Cocoons to green energy

July 15, 2014 05:49 pm | Updated 05:49 pm IST

Indian scientists have found that the humble silk cocoon may hold the key to the world’s clean and green energy puzzle.

Indian scientists have found that the humble silk cocoon may hold the key to the world’s clean and green energy puzzle.

Centuries ago trade in Chinese silk spawned the mighty transcontinental network of passages dubbed the Silk Route. Now, Indian scientists have found that the humble silk cocoon, the source of exquisite Tussar silks, may hold the key to the world’s clean and green energy puzzle.

Experts at the Indian Institute of Technology-Kanpur (IIT-K) have fabricated simple devices from silk cocoon membranes (SCM) which, in the presence of water vapour, can generate enough electricity to run low-power electronic systems. In addition, they observed the electricity produced increases with the temperature.

For their experiments, the team at IIT-K’s Department of Biological Sciences and Bioengineering (BSBE) and Center for Environmental Sciences and Engineering, used cocoons of Bombyx morii (silkworm of the mulberry tree) and antheraea mylitta (the non-mulberry species, the source of Tussar silk).

“The devices comprised pieces of SCM, cut into pieces of regular sizes, sandwiched between electrodes. The project’s goal was to generate electricity cheaply and in a sustainable, eco—friendly way. The water vapour content (humidity) was never less than 80-90 per cent.

“When the temperature was made to go up (around 80 degrees centigrade), the current also went up,” Mainak Das, leader of the study and assistant professor, BSBE, told IANS over the phone from Kanpur.

For example, around three Bombyx cocoon pieces can light up one red LED of 1.6 volts.

“The LED is powered by extracting the electrical energy from cocoon. In the device, the cocoon has been treated as the circuit component. Interestingly, in the absence of humidity, the cocoon failed to produce electricity,” Das explained.

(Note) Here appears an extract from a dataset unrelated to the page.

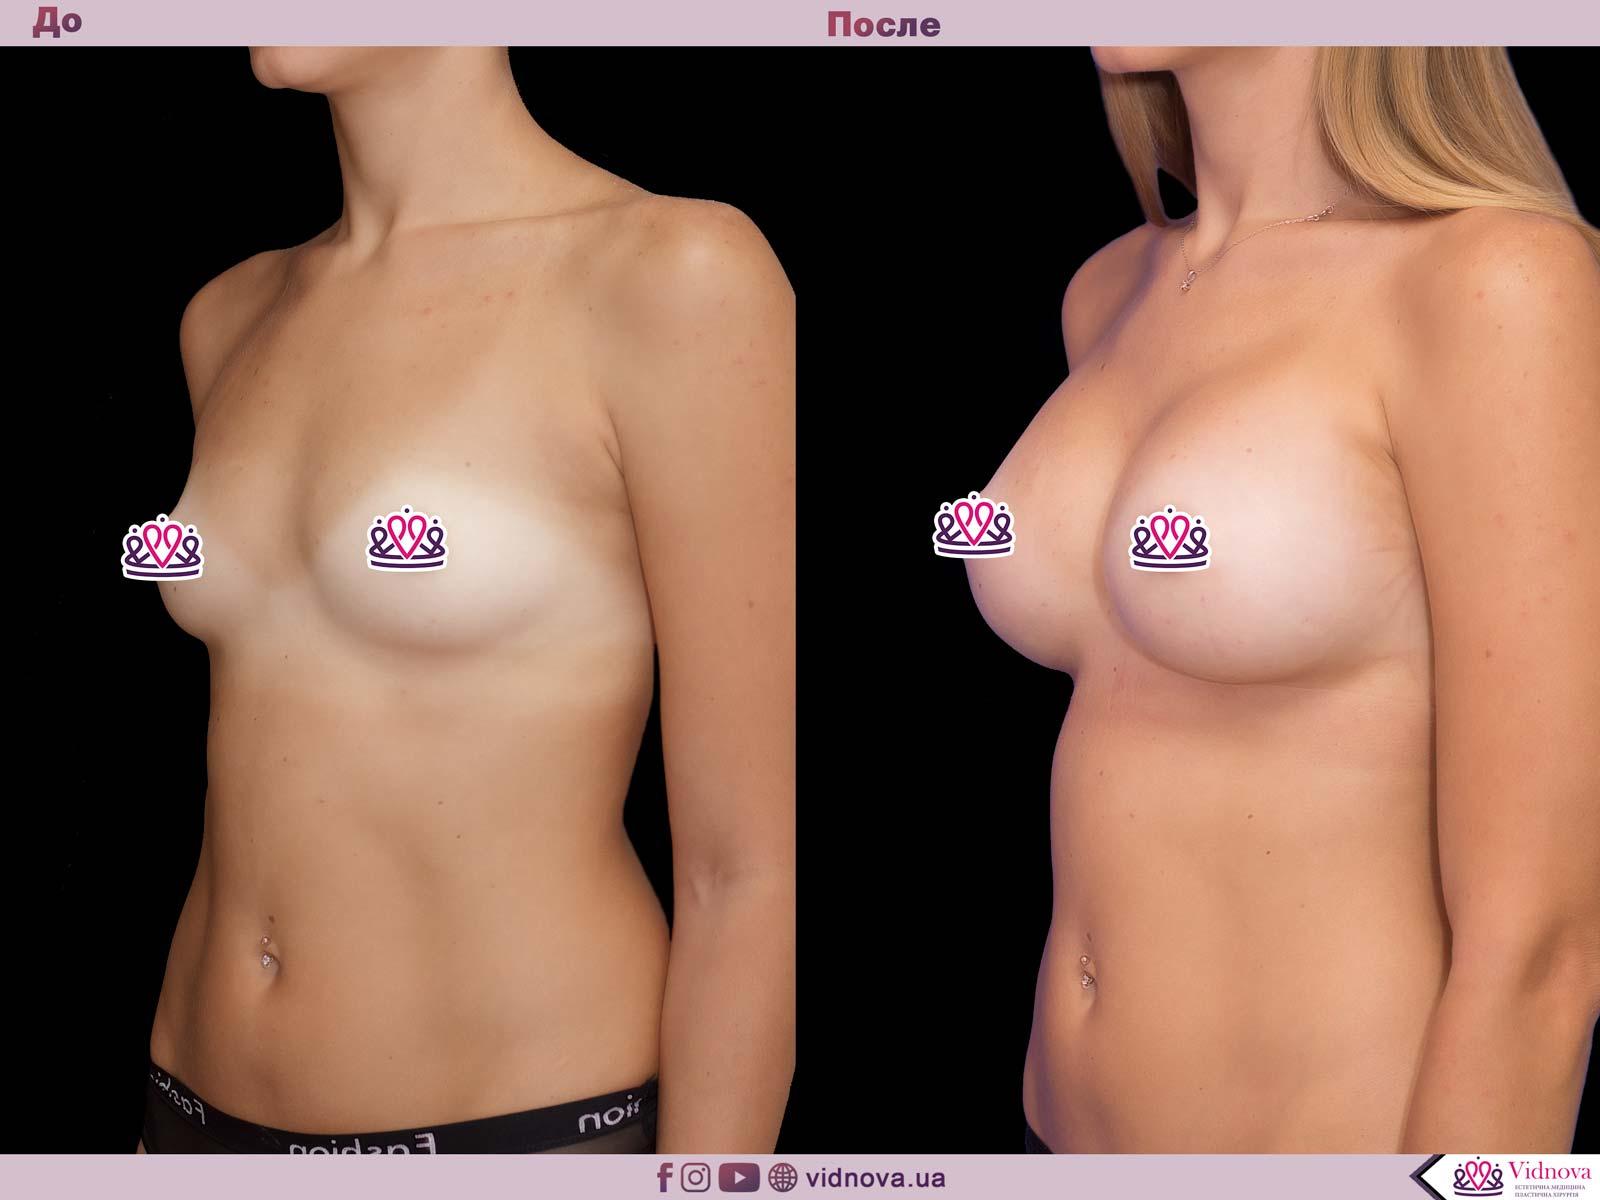 Увеличение груди: Фото ДО и ПОСЛЕ - Пример №50-2 - Клиника Vidnova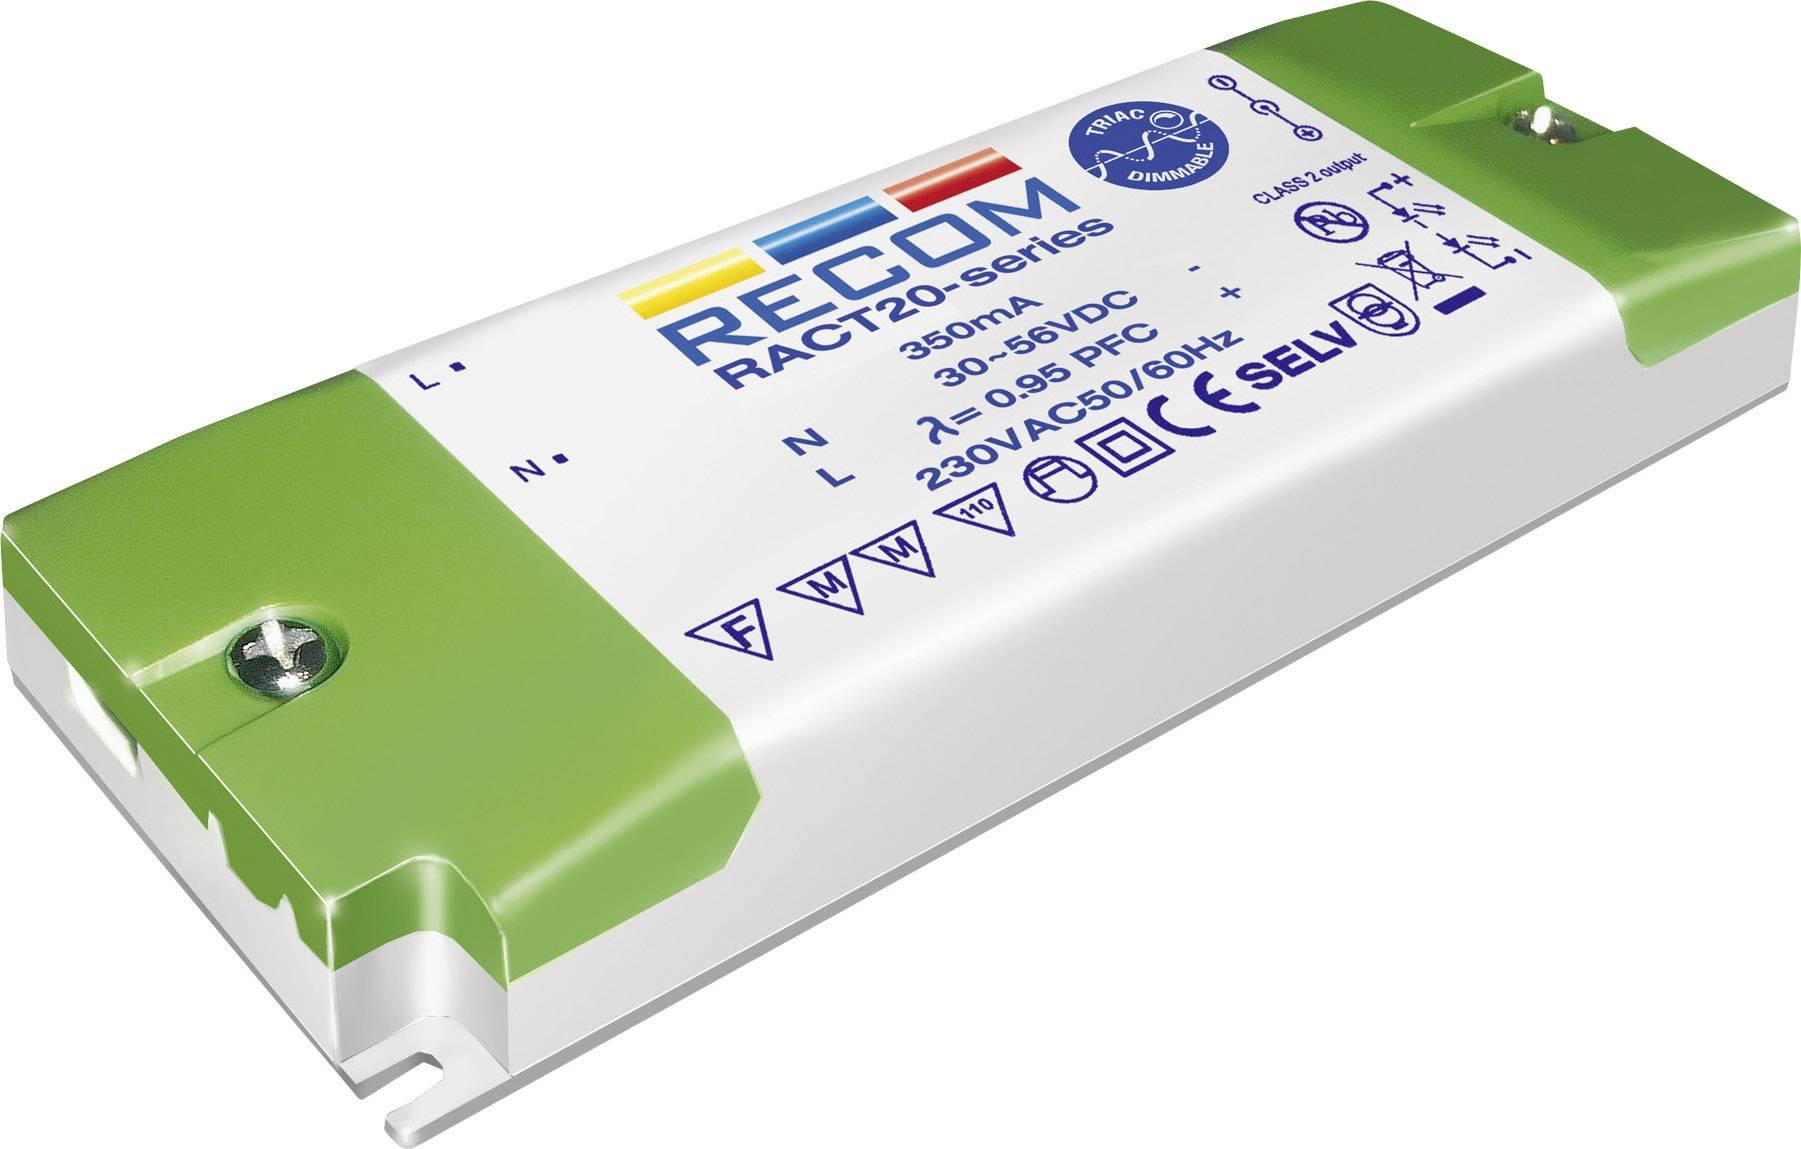 LED driver Recom Lighting RACT20-1050, 20 W (max), 1.05 A, 12 - 18 V/DC

Another crucial discovery of the project, by team member and corresponding author of the study Brindan Tulachan, who hails from Nepal, is that the innovative bio-hybrid device not only triggers energy production but also acts as some sort of a battery or capacitator.

“Think of rural areas where there is no electricity for hours on end. What if such batteries could supply power for a couple of hours?” Das asked.

These discoveries shed light on the thermo-electrical properties of silk, which is essentially natural protein fibre (mainly made up of fibroin), and opens up new avenues for harnessing natural products for green energy.

What this means is that silk or the protein, produced by thousands of other species of insects and silkworms, can be explored for such attributes and production of these bio-materials scaled up through different bio-technological interventions that are in use today, Das said.

“Just like Bombyx or Antheraea silk cocoons, other silk may have similar properties which need to be explored,” he reckoned.

Moreover, it’s not just the prospect of new green energy technologies. The process can be tapped to tackle waste heat management, especially the heat (humidified waste heat) given out by thermal and nuclear power plants.